NAFTA Withdrawal Unlikely to Cause US Consumer Harm

August 29, 2017

By Michael Stumo, CEO of CPA, and Jeff Ferry, CPA Research Director

President Trump raised the possibility of withdrawing from the North American Free Trade Agreement last week in an Arizona speech.

“Personally, I don't think we can make a deal ... I think we'll end up probably terminating NAFTA at some point," Trump said.

Contrary to what you hear in the mainstream media, NAFTA withdrawal would be unlikely to cause harm to consumers.

A detailed CPA analysis reveals that the effect of a complete US withdrawal from NAFTA would have a tiny effect on US consumer prices.  Our investigation shows that many of the most alarming claims are simply scare tactics, often instigated by the “Import Lobby”, i.e. multinationals and trade associations that have long favored imports over US production.

The US is less import dependent than any developed country. Total US goods imports were only 11.9% of GDP, a smaller percentage than ALL world economies except five (Nigeria, Sudan, Argentina, Brazil, Cuba).  Mexican imports made up just 13% of total US goods imports. Post NAFTA tariffs on Canadian imports would remain nearly zero. Post NAFTA tariffs on Mexican imports would be between zero and five percent on most goods. Consumer would see very little price difference because tariff changes would be small and unlikely to be fully passed on to consumers.

Last year, the US imported $294 billion worth of goods from Mexico and $278 billion from Canada. If NAFTA disappeared, our imports from Canada would still be covered by the pre-existing Canada Free Trade Agreement of 1989, and thus Canadian import prices would be largely unaffected. Hence we focus on Mexico in this note.

Tariffs on Mexican imports would revert to the levels specified in the US tariff schedule. These are published on the Department of Commerce’s website. In most cases, these tariff levels are very low (usually either zero or single-digit percentages), reflecting the longtime US government position in support of low import tariffs even with nations with whom we have no free trade agreement (FTA). Exchange rate and energy prices often fluctuate more than these potential tariff changes.

Most of our imports from Mexico are motor vehicles, electronics, machinery and other products. According to US Census data, the top product segments of our Mexican imports last year were: vehicles, electric and other machinery, photo & medical instruments, and furniture. Together those segments account for 72% of our imports from Mexico.  Table 1 shows a detailed breakdown of imports within those segments to get a sense of what tariffs would apply if NAFTA disappeared. 

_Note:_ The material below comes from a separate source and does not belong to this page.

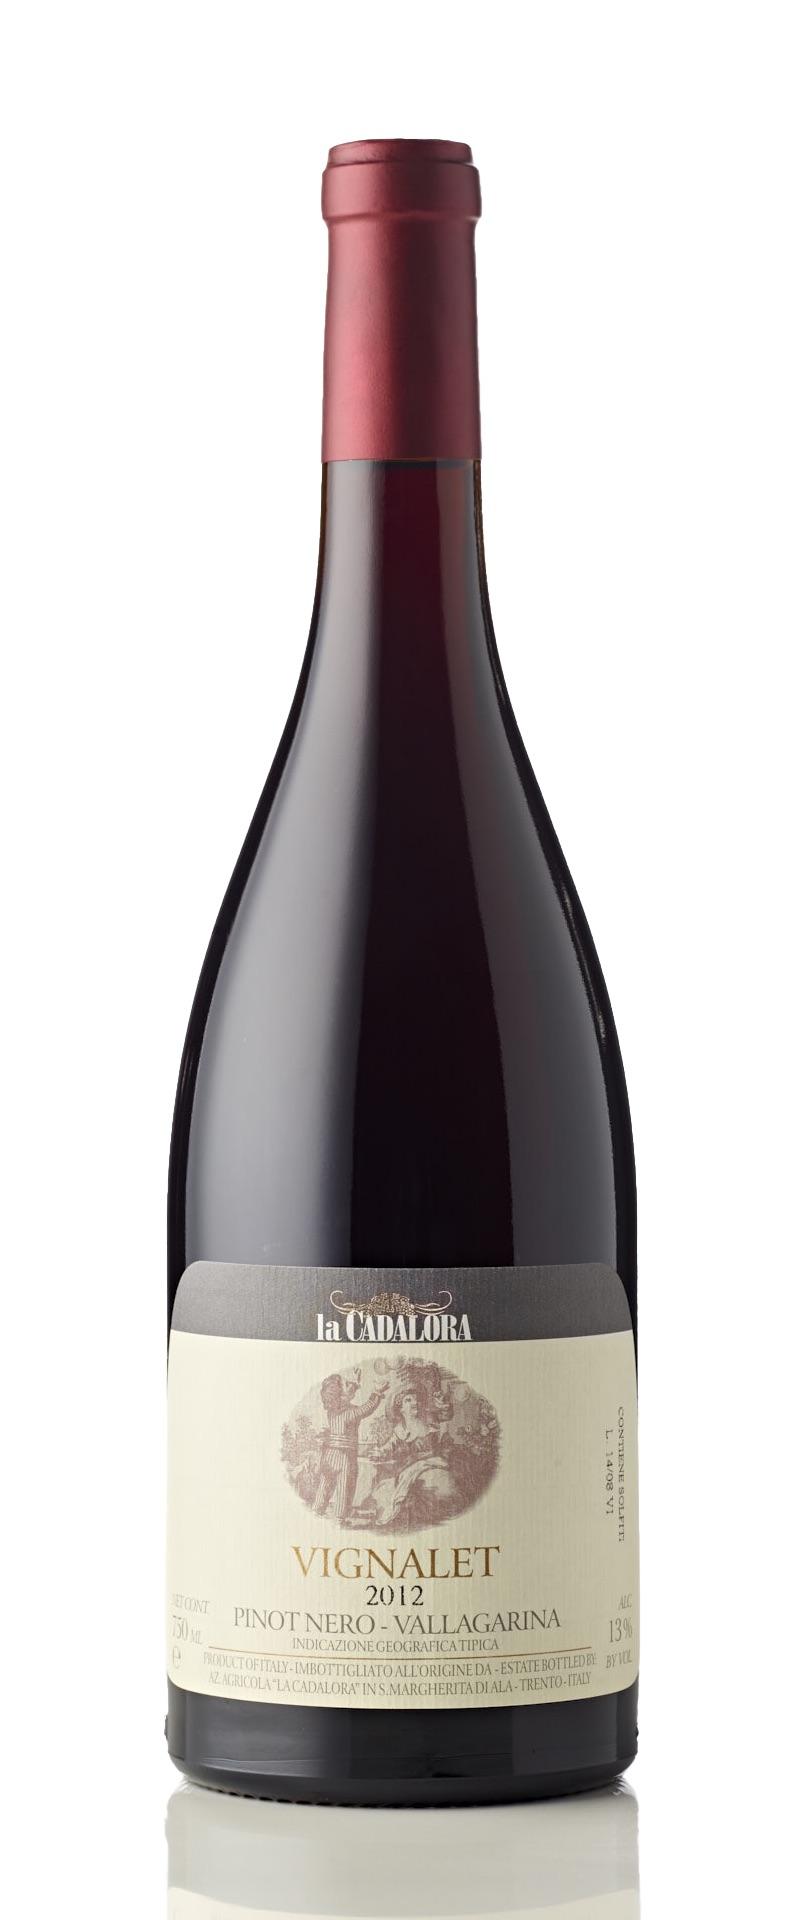 La Cadalora Vignalet Pinot Nero Vallagarina IGT.jpg

Table 1: US Tariffs on Mexican Goods After NAFTA: Key Sectors. Note: Figures in pink are estimated sector-wide averages.


The tariffs that would apply to most goods from Mexico are consistently between zero and 5%. Car importers would pay a tariff of 2.5%; refrigerators and similar goods would pay an average tariff of 0.3%. Internal combustion engines pay zero tariff, although engine parts pay a tariff of 1%. The one outstanding exception to the pattern is for complete trucks, which would pay a tariff of 25% on import into the US. This unusually high tariff was nicknamed the “chicken tax” back in the early 1960s when it was enacted by Congress at the behest of President Johnson. It was the result of a spat with the six original European members of the European Economic Community, who were resisting imports of US poultry. Nevertheless, even taking the chicken tax into account, our estimate of the overall impact on prices of Mexican imports in a typical year in the event of NAFTA’s disappearance is 4%. In other words, the price paid by the US buyers for Mexican goods would rise by an average of 4%. The effect of that 4% increase in Mexican goods on the overall US consumer price index is too small to measure. 

NAFTA supporters argue that the effects might be more significant on particular sectors of the economy. But even here they mislead through exaggeration and partial analysis. Motor vehicles is the sector which has generated the most alarmist claims. It is alleged that the supply chain is so integrated between the US and Mexico that any effort to disentangle the supply chain will add as much as $2,000 to the price of a car, according to one car dealers’ spokesman. But with tariffs of 1% on engine parts, the cost of shipping these parts back and forth across the border would easily outweigh the costs of a tariff that would arise in the absence of NAFTA. 

The key point to recognize is that the US motor vehicles sector has suffered under NAFTA. It has lost jobs, and real average hourly earnings have fallen 26.8% since 2002. This is the price that US auto workers have paid for close integration with Mexico.

If we disentangle our industry from Mexico, we can begin to put in place the additional measures that are needed to rebuild the auto industry and the living standards of the US worker. We can also begin negotiating with Mexico from a position of independence. It is essential that the US government tell the Mexican government that we would like to be more integrated, but can only do so once we see Mexican wages rising very significantly, so integration does not mean a decline in US living standards.